Welcome to the forum and Vizsla puppyhood. All of your questions are normal and Milo seems to be acting like a typical V. He is so handsome. 

As for the sharky mode, it is a phase and does get better. I hated Ruby's vampire/ werewolf times but just keep redirecting Milo to toys and maybe a nylabone or elk antler. You can be firm with him but not too much. 

For crate training, sounds like he likes it but remember he is a baby and will take some time to get used to it on his own. Search the forum for crate training and you will see many posts on this. A few weeks of little sleep will help out so much in the long run. It was the best decision we ever made to stick with it. 
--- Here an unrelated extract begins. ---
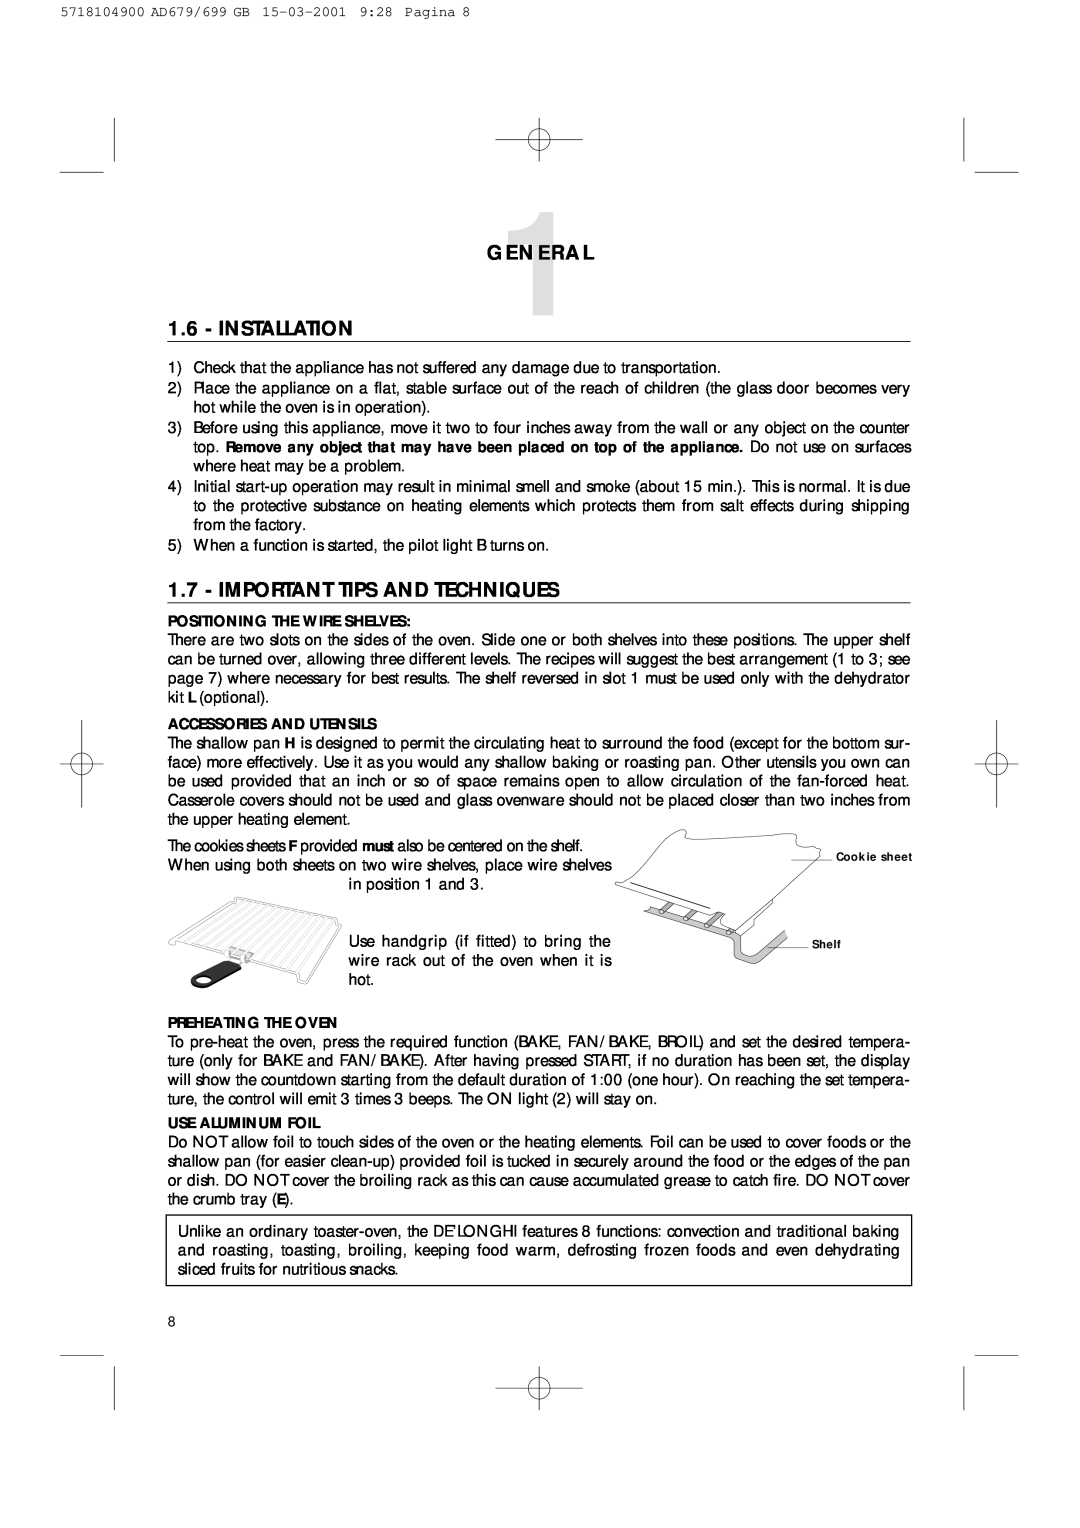 DeLonghi AD679/699 manual GENERAL1 1.6 - INSTALLATION, Important Tips And Techniques

Ruby loved being in my lap as a baby and I remember posting on this forum about it. She kind of grew out of it. As I type though, her head is in my lap snoring away ;D

House training- take him out after naps, after eating and after playing hard. Of course, you will miss a few but consistency is important. 

We didn't get Ruby out with other dogs until 12 weeks old but did have a friend bring their dog over. Yes, they are nervous at first but will be fine. Again, Milo is so young and really getting used to a new home and owners. Give him time and he will be the crazy pup bouncing from dog to dog. 

Bathing- go get some puppy wipes at the pet store. That should help until you want to bath him. Ruby hated her first bath and still does. We use the wipes or waterless shampoo. 

Tricks- start with basics like sit. They have puppy ADD at this age. That will get better. They are so smart. 

It sounds like Milo had a jam packed first few days. Don't put to much pressure on yourself and enjoy these moments. Yes, you will have one extremely frustrating, want to rip your hair out times ahead of you but when you stare at that sweet face, it makes it all worth it. 

Make sure you use the search on this forum. All of these questions have been asked many times before and you are not alone. 

Also, this will be one place where NO ONE will ever get sick of seeing pictures of your V so keep them coming.


----------



## Ozkar (Jul 4, 2011)

Another bundle of cuteness.

As a few have been answered. I'll just lust a couple of answers to your questions.

House training-a couple a day is too much. When pup makes a mistake here's a very effective technique to use. Mop up the wet patch with a paper towel, take pup and paper towel out to toilet area, place down paper towel, place down pup then the instant pup sniffs it, praise/reward. 

The dandruff is normal for a young pup who's diet has recently gone from all mum, to part mum to all solids. I throw in a raw egg, shell and all once a week, mixed into dry and tinned tuna/sardines once a week. This seems to help with dry skin amongst other things.

The amount they sleep will lessen as pup grows. Enjoy the down times while your able...........


----------



## born36 (Jun 28, 2011)

Thanks for sharing so many cute pics.


----------



## MilesMom (Jun 21, 2012)

It's normal for a puppy to be shy, just encourage guests to be calm with him and keep socializing him! Best to only bring around friend's dogs you know are good with puppies. Older dogs can sometimes be crabby with little ones. 

We washed Miles the day after we got him with oatmeal shampoo and he uses tea tree/ aloe shampoo now. He doesn't mind his bath, just hops in the tub with me. 

He's adorable! Have fun!


----------